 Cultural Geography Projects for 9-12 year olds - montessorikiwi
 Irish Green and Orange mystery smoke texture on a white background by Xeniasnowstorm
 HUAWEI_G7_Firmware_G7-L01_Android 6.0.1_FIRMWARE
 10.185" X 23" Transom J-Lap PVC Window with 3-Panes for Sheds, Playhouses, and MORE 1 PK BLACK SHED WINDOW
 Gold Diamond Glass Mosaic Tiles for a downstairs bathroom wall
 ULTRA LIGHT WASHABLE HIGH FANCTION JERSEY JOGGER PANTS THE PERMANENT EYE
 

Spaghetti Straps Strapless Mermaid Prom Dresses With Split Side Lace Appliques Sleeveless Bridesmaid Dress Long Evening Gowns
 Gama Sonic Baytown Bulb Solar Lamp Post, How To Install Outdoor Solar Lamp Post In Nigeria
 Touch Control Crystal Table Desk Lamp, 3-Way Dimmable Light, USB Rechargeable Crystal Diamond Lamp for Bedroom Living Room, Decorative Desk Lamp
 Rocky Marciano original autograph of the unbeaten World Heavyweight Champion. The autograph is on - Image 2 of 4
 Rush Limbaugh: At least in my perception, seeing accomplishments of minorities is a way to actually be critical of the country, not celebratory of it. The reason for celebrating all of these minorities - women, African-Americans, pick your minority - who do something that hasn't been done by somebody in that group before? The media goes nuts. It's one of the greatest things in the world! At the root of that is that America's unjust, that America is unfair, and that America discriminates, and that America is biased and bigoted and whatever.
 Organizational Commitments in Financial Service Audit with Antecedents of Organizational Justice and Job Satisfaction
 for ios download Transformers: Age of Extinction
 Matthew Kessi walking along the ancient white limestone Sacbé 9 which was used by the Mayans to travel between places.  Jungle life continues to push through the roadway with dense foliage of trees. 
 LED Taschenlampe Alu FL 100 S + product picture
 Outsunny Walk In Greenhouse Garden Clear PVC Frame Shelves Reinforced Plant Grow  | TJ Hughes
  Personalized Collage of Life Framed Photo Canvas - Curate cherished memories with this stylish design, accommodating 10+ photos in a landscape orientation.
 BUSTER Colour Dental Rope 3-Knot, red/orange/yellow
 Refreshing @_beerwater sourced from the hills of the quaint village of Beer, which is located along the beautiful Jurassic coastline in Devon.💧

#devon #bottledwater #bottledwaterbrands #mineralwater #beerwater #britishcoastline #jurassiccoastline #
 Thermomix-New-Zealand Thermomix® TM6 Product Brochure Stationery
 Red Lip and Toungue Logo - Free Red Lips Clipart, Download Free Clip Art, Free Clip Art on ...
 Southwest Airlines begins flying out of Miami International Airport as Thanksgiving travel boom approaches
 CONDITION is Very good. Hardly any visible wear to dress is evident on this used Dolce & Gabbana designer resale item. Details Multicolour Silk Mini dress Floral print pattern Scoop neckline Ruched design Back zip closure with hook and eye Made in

• Problem requirements: Nothing above should be left out. Print all the records exactly.

• Solution to this problem:
 Cultural Geography Projects for 9-12 year olds - montessorikiwi
 Irish Green and Orange mystery smoke texture on a white background by Xeniasnowstorm
 HUAWEI_G7_Firmware_G7-L01_Android 6.0.1_FIRMWARE
 10.185" X 23" Transom J-Lap PVC Window with 3-Panes for Sheds, Playhouses, and MORE 1 PK BLACK SHED WINDOW
 Gold Diamond Glass Mosaic Tiles for a downstairs bathroom wall
 ULTRA LIGHT WASHABLE HIGH FANCTION JERSEY JOGGER PANTS THE PERMANENT EYE
 

Spaghetti Straps Strapless Mermaid Prom Dresses With Split Side Lace Appliques Sleeveless Bridesmaid Dress Long Evening Gowns
 Gama Sonic Baytown Bulb Solar Lamp Post, How To Install Outdoor Solar Lamp Post In Nigeria
 Touch Control Crystal Table Desk Lamp, 3-Way Dimmable Light, USB Rechargeable Crystal Diamond Lamp for Bedroom Living Room, Decorative Desk Lamp
 Rocky Marciano original autograph of the unbeaten World Heavyweight Champion. The autograph is on - Image 2 of 4
 Rush Limbaugh: At least in my perception, seeing accomplishments of minorities is a way to actually be critical of the country, not celebratory of it. The reason for celebrating all of these minorities - women, African-Americans, pick your minority - who do something that hasn't been done by somebody in that group before? The media goes nuts. It's one of the greatest things in the world! At the root of that is that America's unjust, that America is unfair, and that America discriminates, and that America is biased and bigoted and whatever.
 Organizational Commitments in Financial Service Audit with Antecedents of Organizational Justice and Job Satisfaction
 for ios download Transformers: Age of Extinction
 Matthew Kessi walking along the ancient white limestone Sacbé 9 which was used by the Mayans to travel between places.  Jungle life continues to push through the roadway with dense foliage of trees. 
 LED Taschenlampe Alu FL 100 S + product picture
 Outsunny Walk In Greenhouse Garden Clear PVC Frame Shelves Reinforced Plant Grow  | TJ Hughes
  Personalized Collage of Life Framed Photo Canvas - Curate cherished memories with this stylish design, accommodating 10+ photos in a landscape orientation.
 BUSTER Colour Dental Rope 3-Knot, red/orange/yellow
 Refreshing @_beerwater sourced from the hills of the quaint village of Beer, which is located along the beautiful Jurassic coastline in Devon.💧

#devon #bottledwater #bottledwaterbrands #mineralwater #beerwater #britishcoastline #jurassiccoastline #
 Thermomix-New-Zealand Thermomix® TM6 Product Brochure Stationery
 Red Lip and Toungue Logo - Free Red Lips Clipart, Download Free Clip Art, Free Clip Art on ...
 Southwest Airlines begins flying out of Miami International Airport as Thanksgiving travel boom approaches
 CONDITION is Very good. Hardly any visible wear to dress is evident on this used Dolce & Gabbana designer resale item. Details Multicolour Silk Mini dress Floral print pattern Scoop neckline Ruched design Back zip closure with hook and eye Made in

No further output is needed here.